One of the most fundamental problems with phone-based voice assistants is how awkward it can be to use them in public. As much as I use my Harman/Kardon Invoke at home to control smart lights, get calendar info, and create Cortana reminders, I pretty much never use her on my Android phone for one pretty simple reason, it’s just a bit … weird, to do so in public at least. Apparently, Microsoft agrees, as the company has patented a module that can detect “silent” voice commands.
As described by the company’s patent filing, the “silent” input method can detect whispers and extrapolate voice commands from the airflow created while mouthing words. The module can be placed in a range of devices, including smart watches, phones, a smart “ring,” regular headset microphones, and even a TV remote.
Although performance of voice input has been greatly improved, the voice input is still rarely used in public spaces, such as office or even homes. This is mainly because the voice leakage could disturb and even annoy surrounding people in quiet environment. On the other hand, there is still a risk of scattering private information to unintended audiences. These are not technical issues but social issues. Hence there is no easy fix even if voice recognition system performance is greatly improved.

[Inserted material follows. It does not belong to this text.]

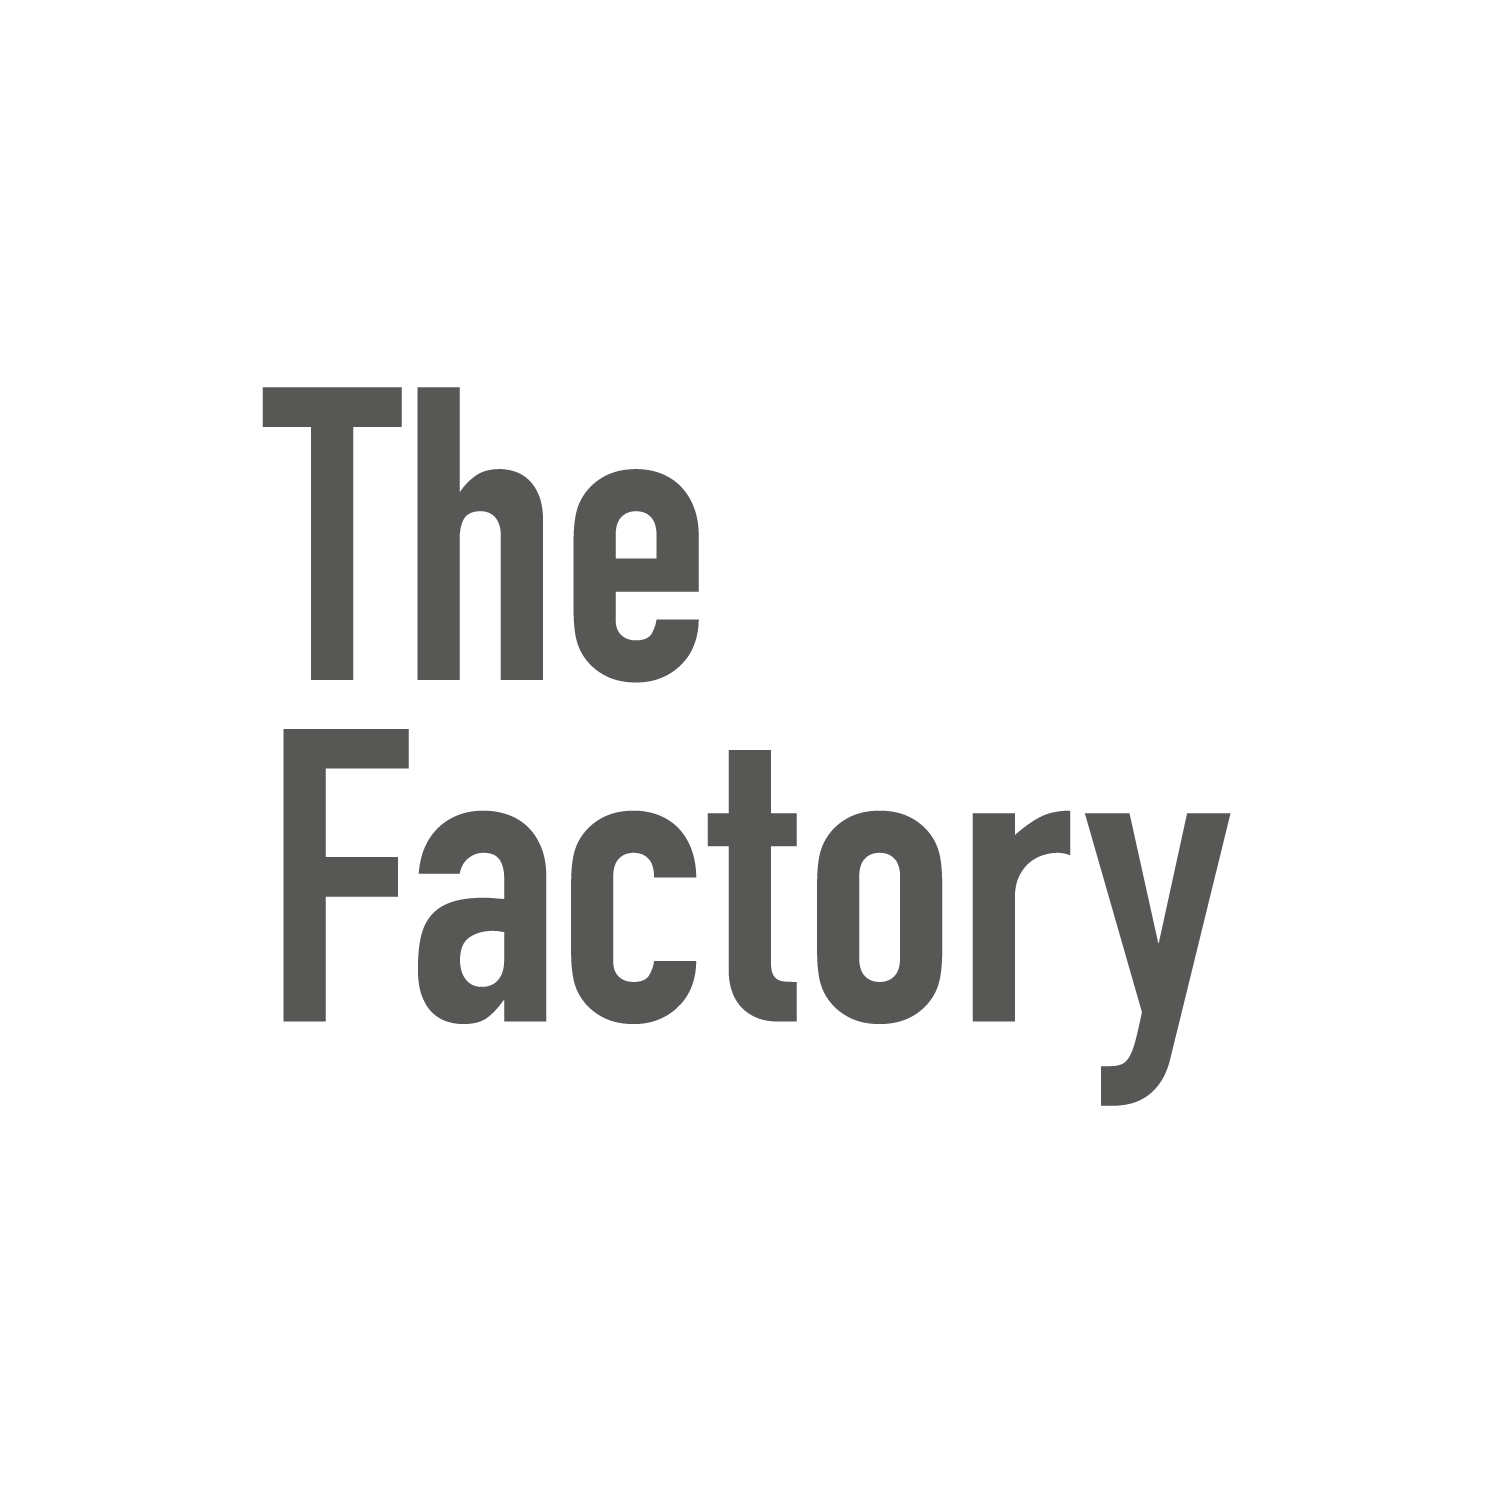 The-Factory-logo-transparent-invert.

Implementations of the subject matter described herein provide a silent voice input solution without being noticed by surroundings. Compared with conventional voice input solutions which are based on normal speech or whispering that use egressive (breathing-out) airflow while speaking, the proposed “silent” voice input method is performed by using opposite (ingressive or breathing-in) airflow while speaking. By placing the apparatus (e.g. microphone) of the apparatus very close to the user’s mouth with an small gap formed between the mouth and the apparatus, the proposed silent voice input solution can capture stable utterance signal with a very small voice leakage, and thereby allowing the user to use ultra-low volume speech input in public and mobile situations, without disturbing surrounding people. Besides of air flow direction (ingressive and egressive), all other utterance manners are same as our whispering, so that proposed method can be used without special practice.
As usual, note that patents don’t necessarily translate into products, but there have been a few rumors floating around recently that Microsoft isn’t done thinking about Cortana-focused hardware. We’ll just have to wait and see.